Say “fraud” and for many, the first names that come to mind are Enron, Madoff, WorldCom or closer to home, 1MDB. But commercial fraud is not just committed by shady financiers and big corporations cooking books, or corrupt politicians ‘taking their cut’.
Fraud is common, especially in small businesses where there is overriding management control over finances by one or two people, many of them “trusted” people who have spent years with a company – as Rita Crundwell was seen by townspeople. Fraud may not be entirely preventable, but there are numerous measures companies can put in place to reduce the probability of commercial fraud.

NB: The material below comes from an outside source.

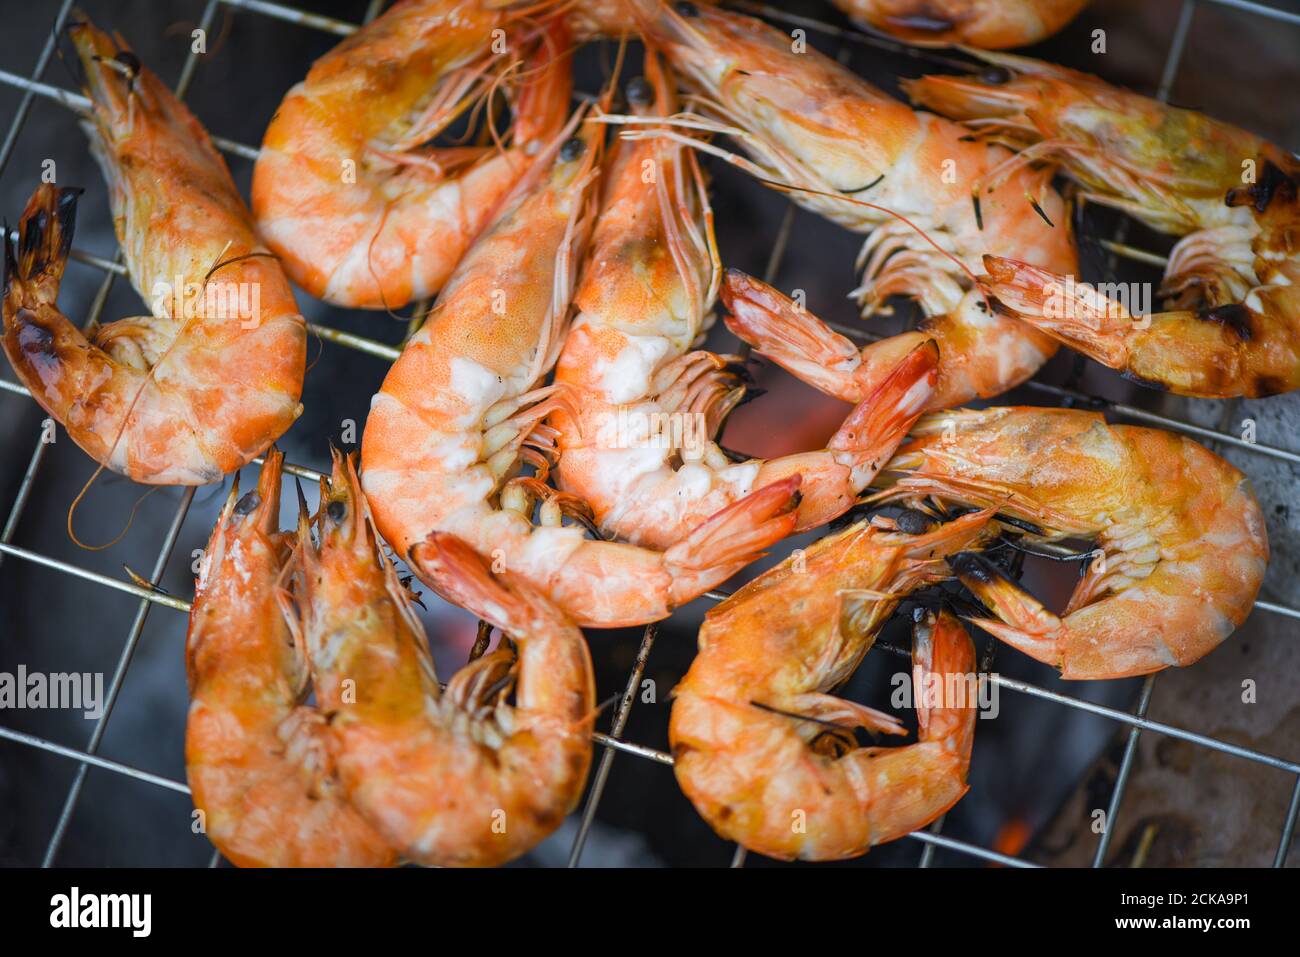 Shrimps gegrillter bbq Meeresfrüchte auf dem Herd / gekochte Garnelen  Garnelen Garnelen Auf Grill Grill verbrannt Stockfotografie - Alamy

The Association of Certified Fraud Examiners (ACFE) in its 2018 “Report to the Nations: Asia Pacific” study documented 220 cases of occupational fraud in APAC countries (Malaysia: 14 cases) in 2017, with median losses coming to US$236,000 (RM963,000). Fifty-one percent of the schemes were due to corruption, 47% were discovered from tips. Several anti-fraud control measures have proven successful in faster detection of fraud and lower amount of losses:
Over half (54%) of tips originate from employees– so instead of seeking to control employees, corporations instead should make them the first line of defence. Employees, unlike external parties like suppliers, are more familiar with internal processes and are thus more likely to notice if something is off.